Sites of the Green Book: The Lenox Lounge
Between 1936 and 1967, the Negro Motorist Green Book was essential for the survival of thousands of Black Americans in an era of segregation cemented into the American legal system through Jim Crow laws, sundown towns where Black Americans were under threat of violence by white supremacists after sunset, and a sharp increase in lynchings and other forms of hate crimes. For the last year we’ve been working with Candacy Taylor, one of our African American Cultural Heritage Action Fund fellows, to further explore sites included in the Green Book. In this last story of her fellowship, we examine The Lenox Lounge, which was featured in the Green Book from 1938 to 1955.
The Lenox Lounge was a legendary Green Book nightclub in Harlem. Founded in 1939 by Ralph Greco, it was nestled among 1880s-era brownstone tenements on Lenox Ave, a major artery in Harlem. The Lenox Lounge was one of the approximately 330 nightclubs listed in the Green Book.
The 1200-square-foot club had a stunning Art Deco neon sign, zebra-print booths, and a mahogany bar. Patrons and luminaries such as James Baldwin, Malcolm X, and Langston Hughes sat in plush burgundy leather couches (one of the booths was reserved for Billie Holiday) to hear swing, bebop, and jazz performed nightly by the leading artists of the time such as Dizzy Gillespie, Lady Day, John Coltrane, and Miles Davis.
From Rebirth to Loss
From the 1960s to the 1980s, the Lenox Lounge fell into decline and did not feature jazz until Alvin and Ethel Reed, both raised in Harlem, purchased the club in 1988 for $85,000. Alvin Reed was born in 1939, the same year the club was founded, and moved to New York in 1945. The Reeds refinanced their house in Queens to buy the property, and Ethel managed Lenox Lounge while Alvin worked full time at the post office. In 2008 the Upper Manhattan Empowerment Zone helped to finance and restore the Lenox Lounge so the Reeds could restore the club to reflect its Deco roots. He also hired a DJ and added R&B dance nights.

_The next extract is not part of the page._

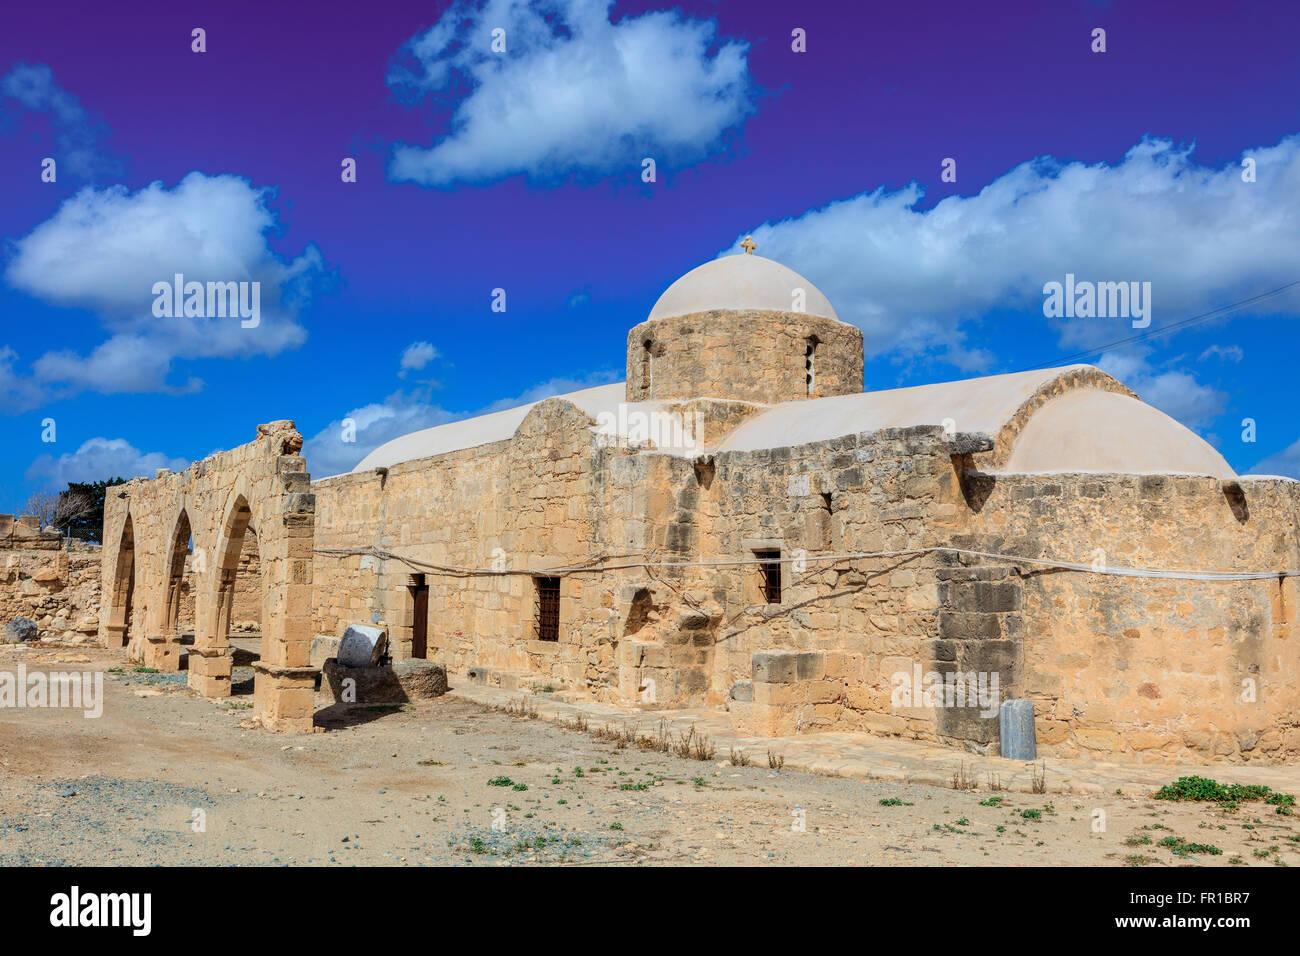 Antigua iglesia de Panagia Odigitria 'orientar' (la Virgen María) en Chipre. Imagen De Stock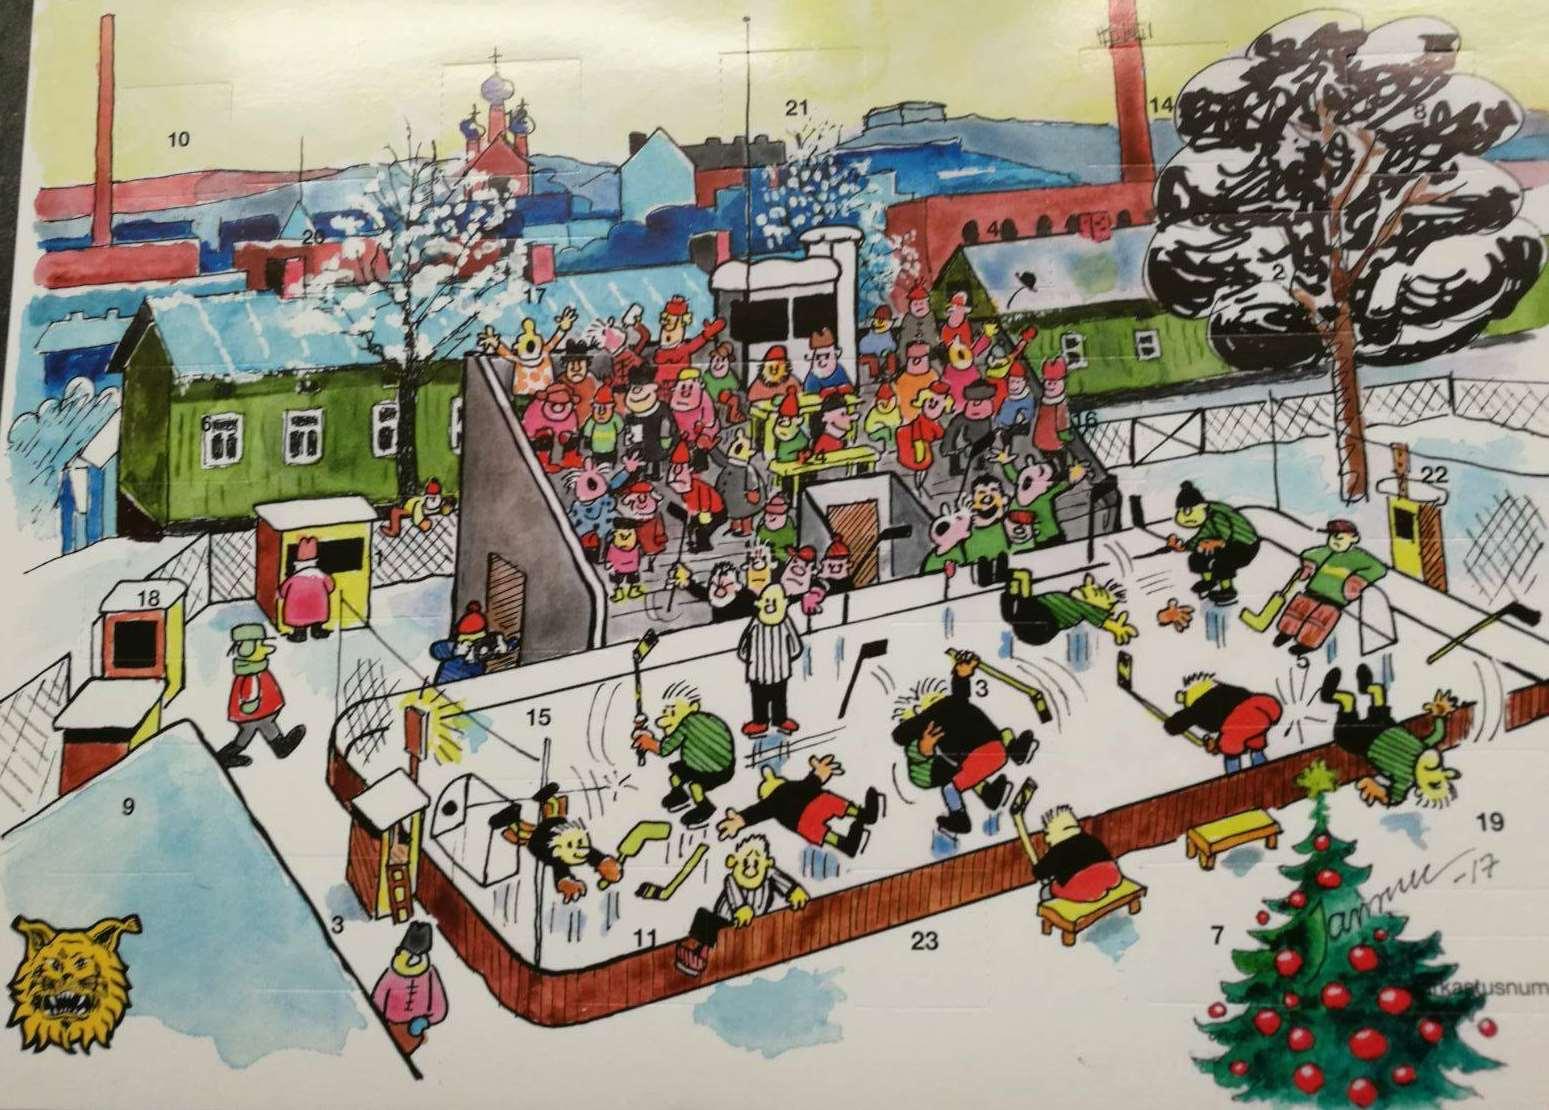 ilves joulukalenteri 2018 Joulukalenterit nyt myynnissä   ILVES IKUISESTI RY ilves joulukalenteri 2018

Since Reed played jazz he understood the challenges fellow performers faced, so in 1992 the club signed a union contract with Local 802, the “American Federation of Musicians,” to ensure a better living and financial security for musicians. After running the club for nearly 25 years, a prolonged lease dispute between the property owner, Ricky Edmonds, and the Reeds caused the Lenox Lounge close on December 31, 2012. The rent had doubled from 10,000 to 20,000 dollars a month, and they simply could not afford it, so the property was taken over by Richard Notar (who managed the Nobu restaurant chain) to open a jazz venue.
Notar may have had the property, but Alvin Reed made sure that he would not have the club. At midnight, Reed stripped the bar down to a shell of its former state. He took the doors, light fixtures, and the iconic Art Deco facade and sign and moved everything two blocks away to open a new Lenox Lounge at 333 Lenox Ave.
Since Reed retained the trademark of the Lenox Lounge (and was not willing transfer it), there was little Notar could do with the property, so he moved on to other ventures. Unfortunately, Reed wasn’t able to keep the Lenox alive at 333 Lenox, and it closed shortly after. The site was never eligible—even though the Upper Manhattan Empowerment Zone tried—for listing on the National Register of Historic Places.
A Continuing Legacy and Lesson
Despite its troubles, the Lenox Lounge still made its stamp in popular culture. Mariah Carey used the backdrop of the Lenox Lounge on the cover of her album, the Zebra Room was used to film the Mad Men pilot, and it was featured in the film American Gangster, Madonna’s music video Secret, and Spike Lee’s film Malcolm X.
The closing of the Lenox Lounge, a devastating loss to Harlem, is an example of the aggressive gentrification tactics that are changing the culture and the tenor of Harlem. Of course, Harlem isn’t unique. Unfortunately, this form of gentrification is playing out to some degree in nearly every American city and as a result there is a continuous loss of important nightclubs and sites—like the Lenox Lounge—that were listed in the Green Book.
To date, nearly 80 percent of these Green Book sites are lost, and less than 5 percent are still operating. The sites that are still with us symbolize survival. It is critical to save the ones that are left because these sites of sanctuary symbolize Black ingenuity, resourcefulness, strength, entrepreneurship, and resilience. They carry a cultural memory with them and reveal the untold story of Black travel, offering us a rich opportunity to reexamine America’s story of segregation, Black migration, and the rise of the Black leisure class.